If I were a hummingbird, this IV would drip up, into my median metatarsal vein. That’s the highest logical venipuncture point for my current position. I’m awake, yet not; alive? Eh. I’ve been here all night, since servicing the ladies at Eagle Grove Care Center. Those are some horny chicks, and they don’t mind sharing me. We’ve all had our turn at monotony.

I miss being a domestic duck, don’t get me wrong. Martha and I’d go to the café in town and the endless coffee kept conversations going. Those farmers, whining about welfare and healthcare, so holier-than-thou until their subsidies and kickbacks came in. Then they just left the fields fallow and collected. Things got quiet in the café.

Back home, Martha’s figurines of children posed in precious moments next to an assortment of clowns, mostly sad. Wind chimes clinked, a heavenly choir. No matter how hard Martha tried, the place always smelled sour, like damp towels, never quite dry. Cats pissed on the moldy geraniums outside, and together, the odor overcame the perfume of cinnamon and vanilla from Martha’s baking.
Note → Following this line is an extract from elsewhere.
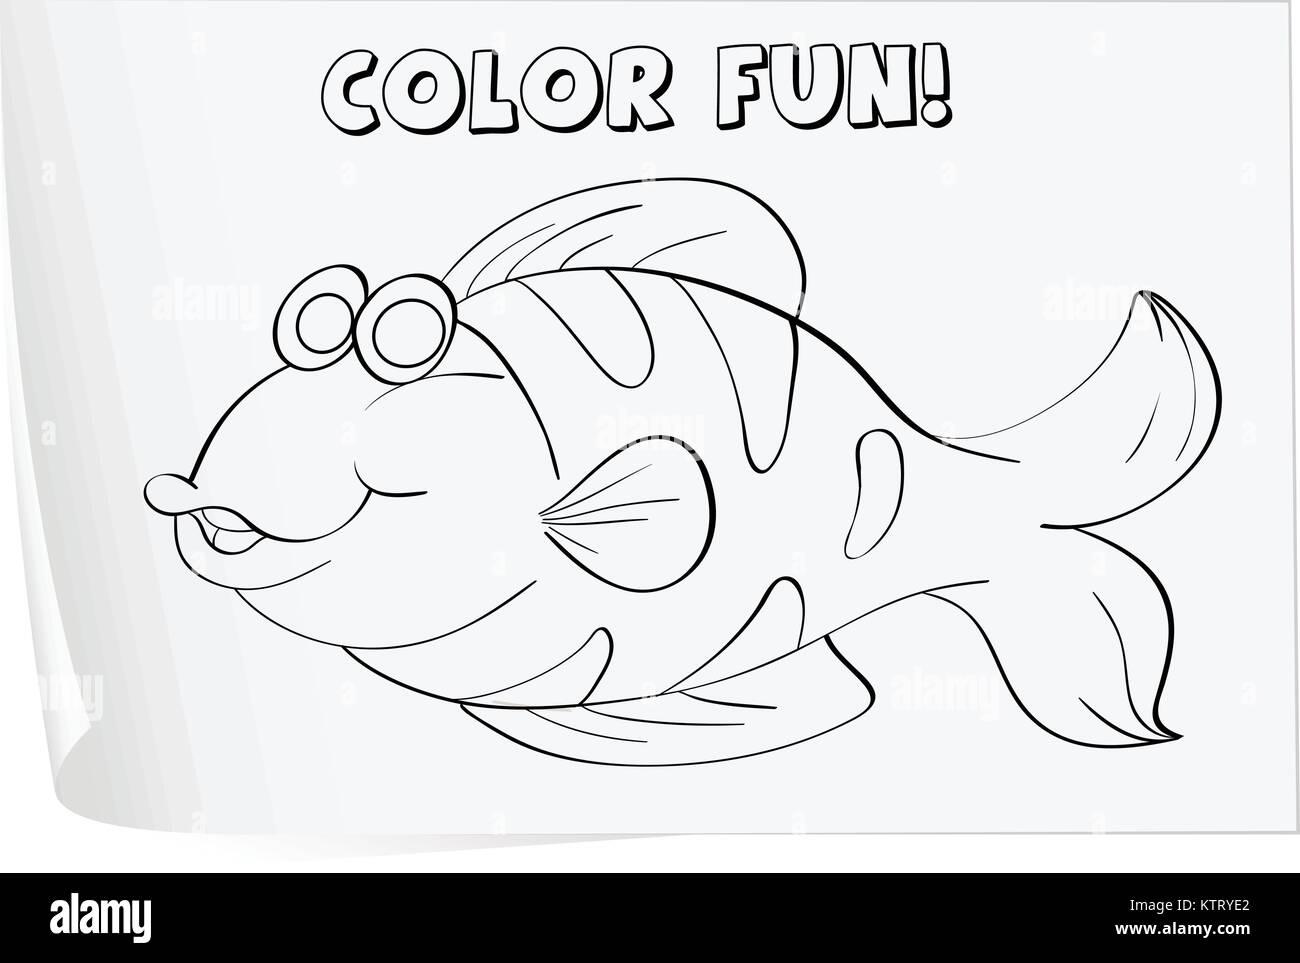 Tolle Fisch Färbung Spiele Fotos - Druckbare Malvorlagen - amaichi.info

But it’s Iowa; what can you do?

Hushed voices now. Progress charted; lights out. Someone’s check marks connect, beeping out the lonely rhythm. Hope it’s not Louise. She’s the best at the green Jell-O two-step. She’s my consolation prize, like when the cat laid a hummingbird corpse at my feet, feathers like emerald confetti drifting all around. Pretty, but still sad. Nothing like Martha. There was a hen to build a nest with.

Martha and I had our golden eagle anniversary. We were never quite patriotic enough to be bald, but we mated for life. She’s soared off into the wander now, and our aerie’s been sacrificed for a confinement lot.

Turkeys of all things.

Nothing left to do look for nectar, and maybe hang upside down.